Clustering settings¶
The “Settings” tab allows you to fully customize all aspects of your clustering.
Sampling¶
Note
You can access the sampling settings in Models > Settings > Sampling
The available sampling methods depend on the machine learning engine.
If your dataset does not fit in your RAM, you may want to extract a sample on which clustering will be performed. Data can be sampled from the beginning of a dataset (fastest) or randomly sampled from the entire dataset.
Features¶
See Features handling.
Dimensionality reduction¶
Note
You can access the sampling settings in Models > Settings > Dimensionality Reduction
Dimensionality reduction reduces the number of variables by arranging them into ‘principal components’ grouping together all correlated variables. The principal components are computed to carry as much variance as possible from the original dataset.
The main interest of using PCA for clustering is to improve the running time of the algorithms, especially when you have a large number of dimensions.
You can choose to enable it, disable it, or try both options to compare.
Outliers detection¶
Note
You can access the parameters for outlier detection in Models > Settings > Outlier detection
When performing clustering, it is generally recommended to detect outliers.
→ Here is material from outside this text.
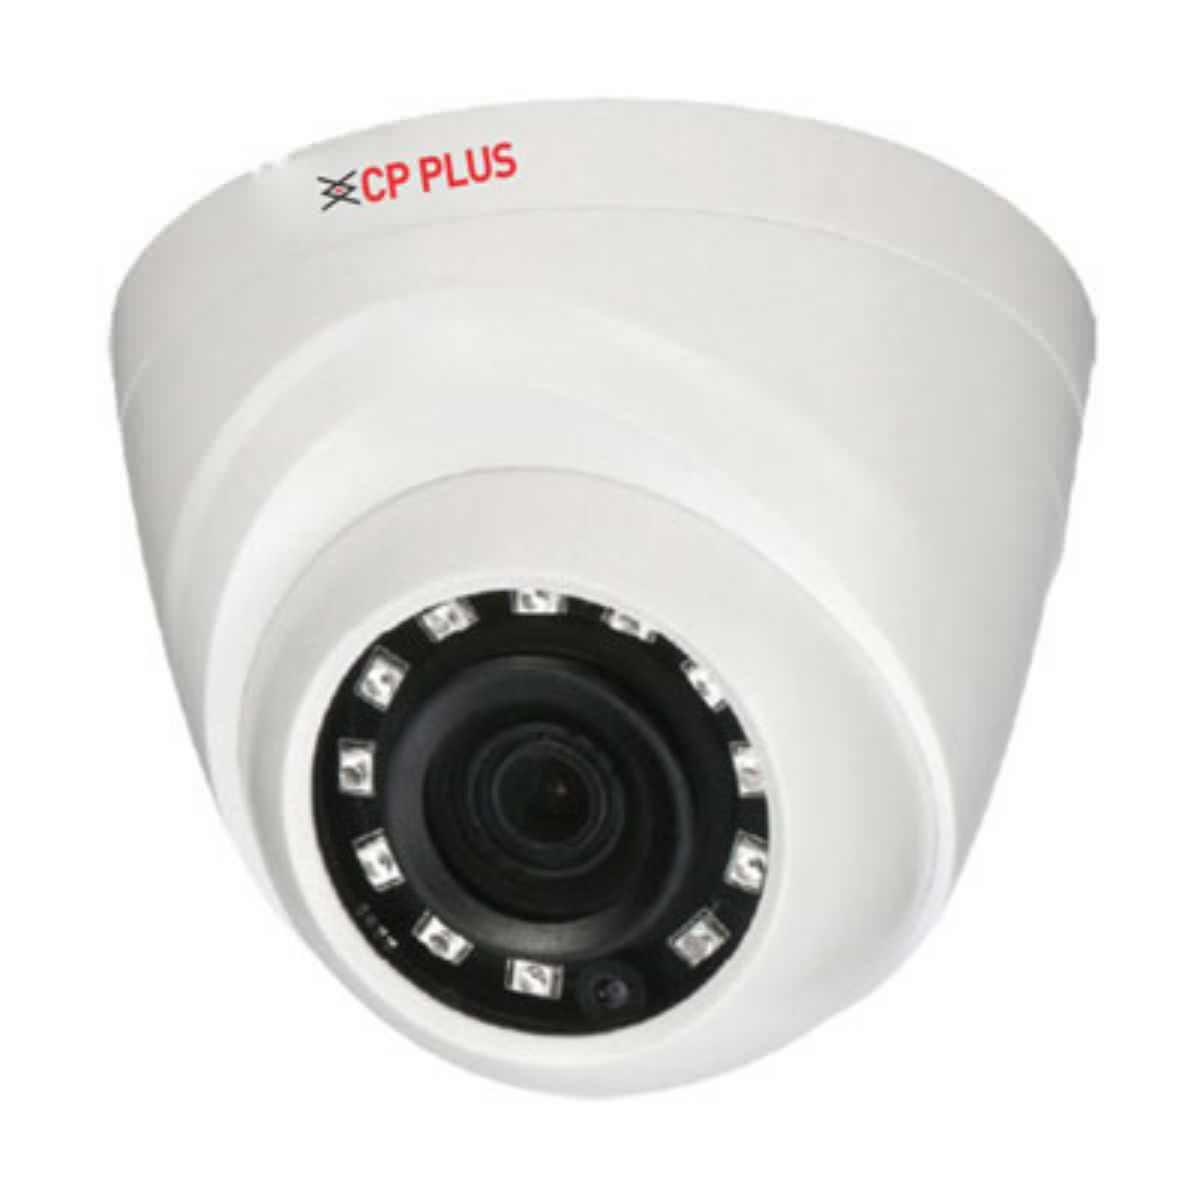 IP Camera vs Dome camera - which is Best for Use?
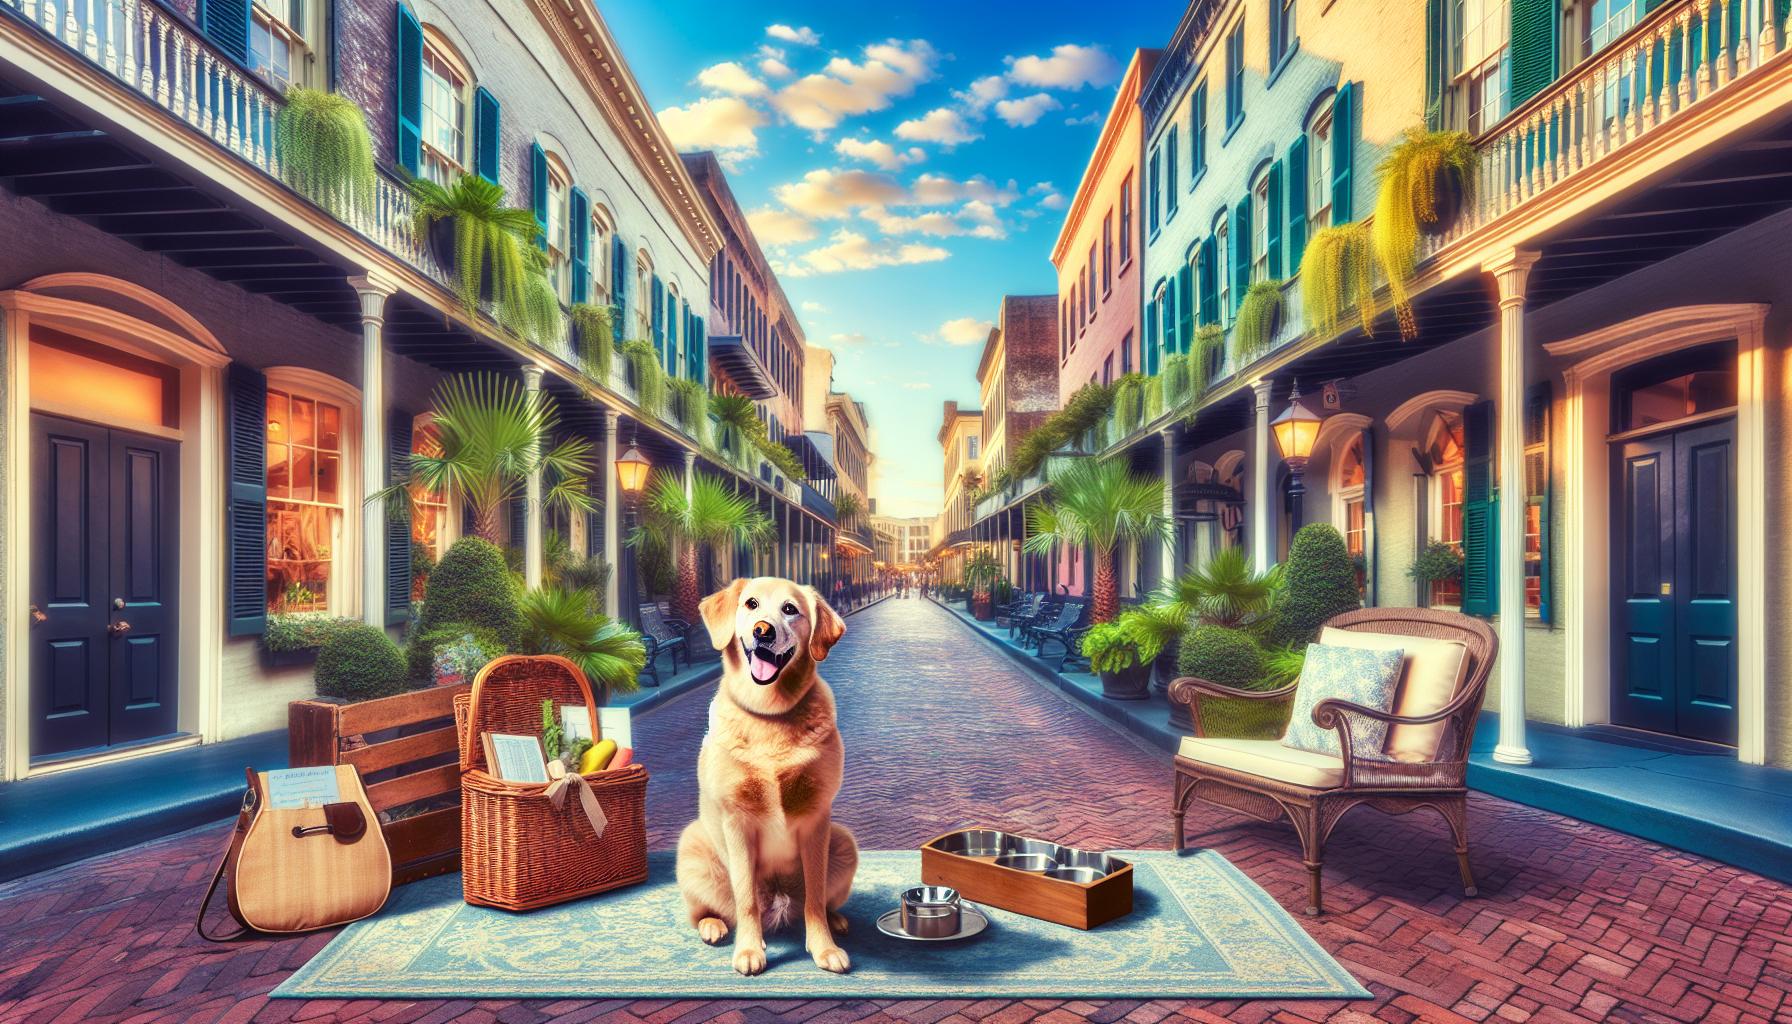 Discover Dog Friendly Hotel Charleston SC: Your Pooch's Perfect Vacation Spot

Not doing so could generate very skewed clusters, or many small clusters and one cluster containing almost the whole dataset.
DSS detects outliers by performing a pre-clustering with a large number of clusters and considering the smallest “mini-clusters” as outliers, if:
their cluster size is less than a specified threshold (ex : 10)
their cumulative percentage is less than a specified threshold (ex: 1%)
Once outliers are detected, you can either:
Drop: outliers are dropped.
Cluster : create a “cluster” from all detected outliers.
Algorithms¶
Note
You can change the settings for algorithms under Models > Settings > Algorithms
DSS supports several algorithms that can be used for clustering. You can select multiple algorithms to see which performs best for your dataset.
The algorithms depend on the machine learning engine.